Input data:
*** Block opens ***

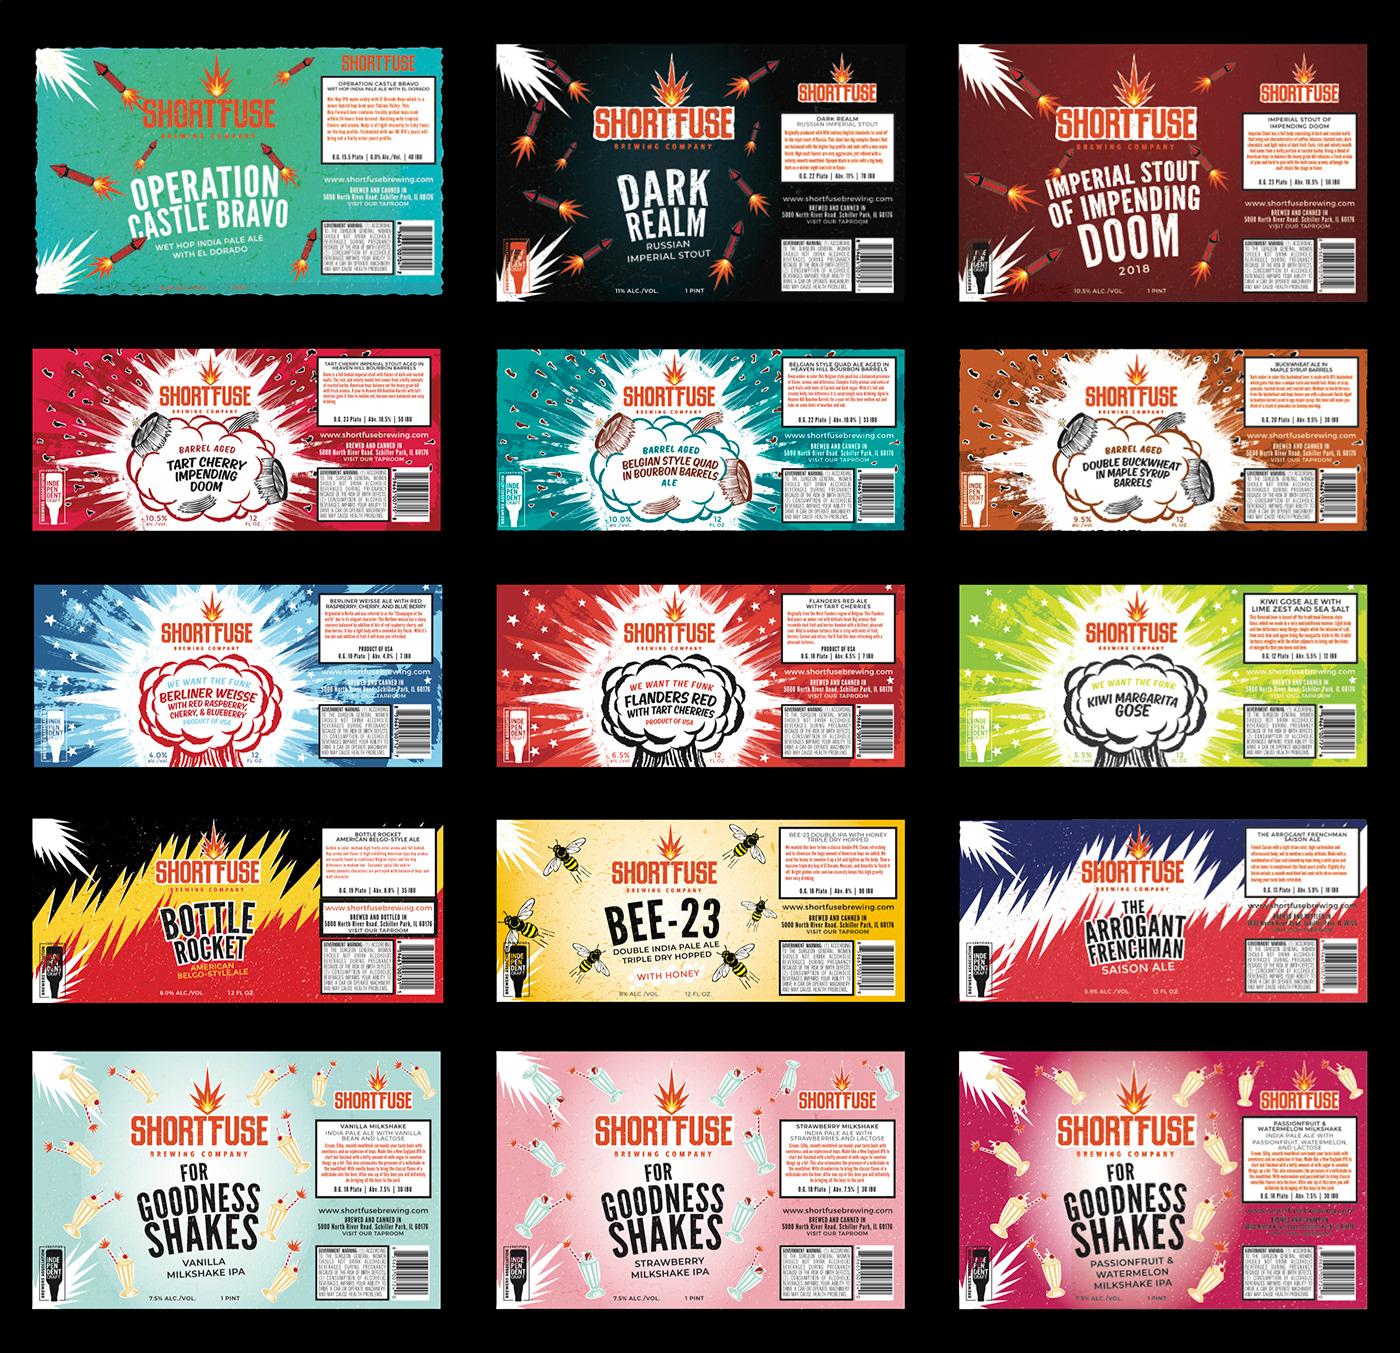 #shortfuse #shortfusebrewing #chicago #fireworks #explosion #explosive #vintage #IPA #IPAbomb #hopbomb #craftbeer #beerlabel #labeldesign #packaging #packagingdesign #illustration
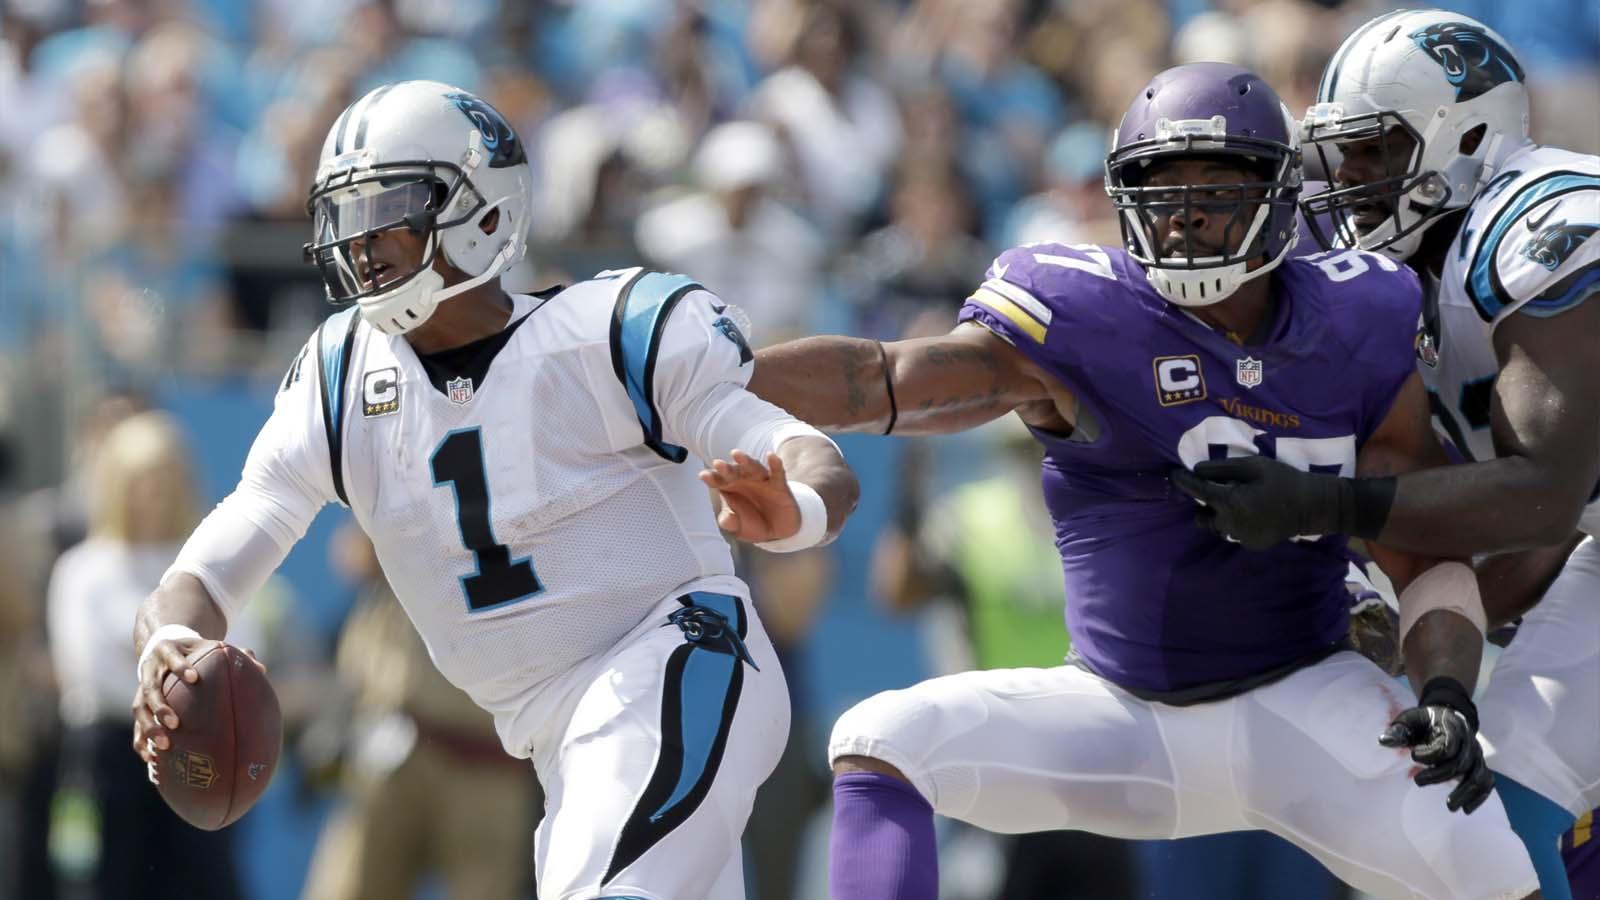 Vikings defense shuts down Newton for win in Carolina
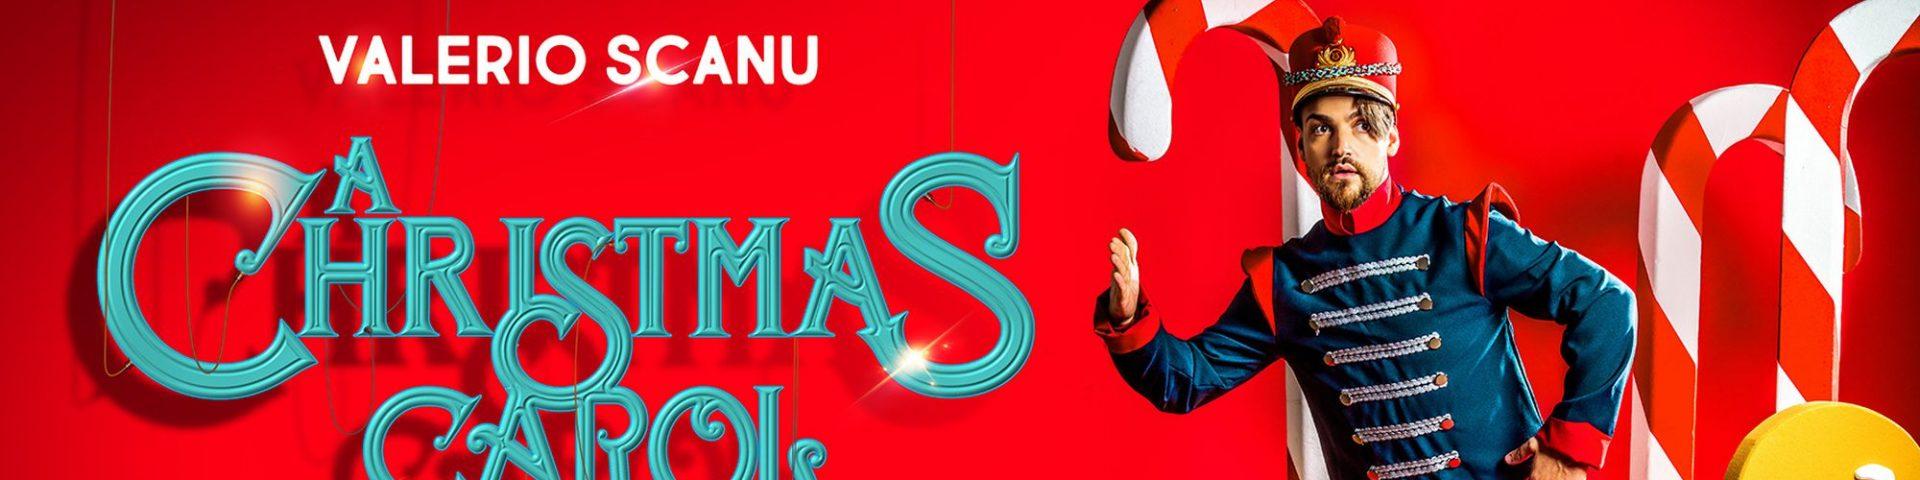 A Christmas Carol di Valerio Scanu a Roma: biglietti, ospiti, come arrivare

*** Block closes ***

Directions:
Everything in the listing above must be restated word for word, except the images.

Response to the exercise:
 #shortfuse #shortfusebrewing #chicago #fireworks #explosion #explosive #vintage #IPA #IPAbomb #hopbomb #craftbeer #beerlabel #labeldesign #packaging #packagingdesign #illustration
 Vikings defense shuts down Newton for win in Carolina
 A Christmas Carol di Valerio Scanu a Roma: biglietti, ospiti, come arrivare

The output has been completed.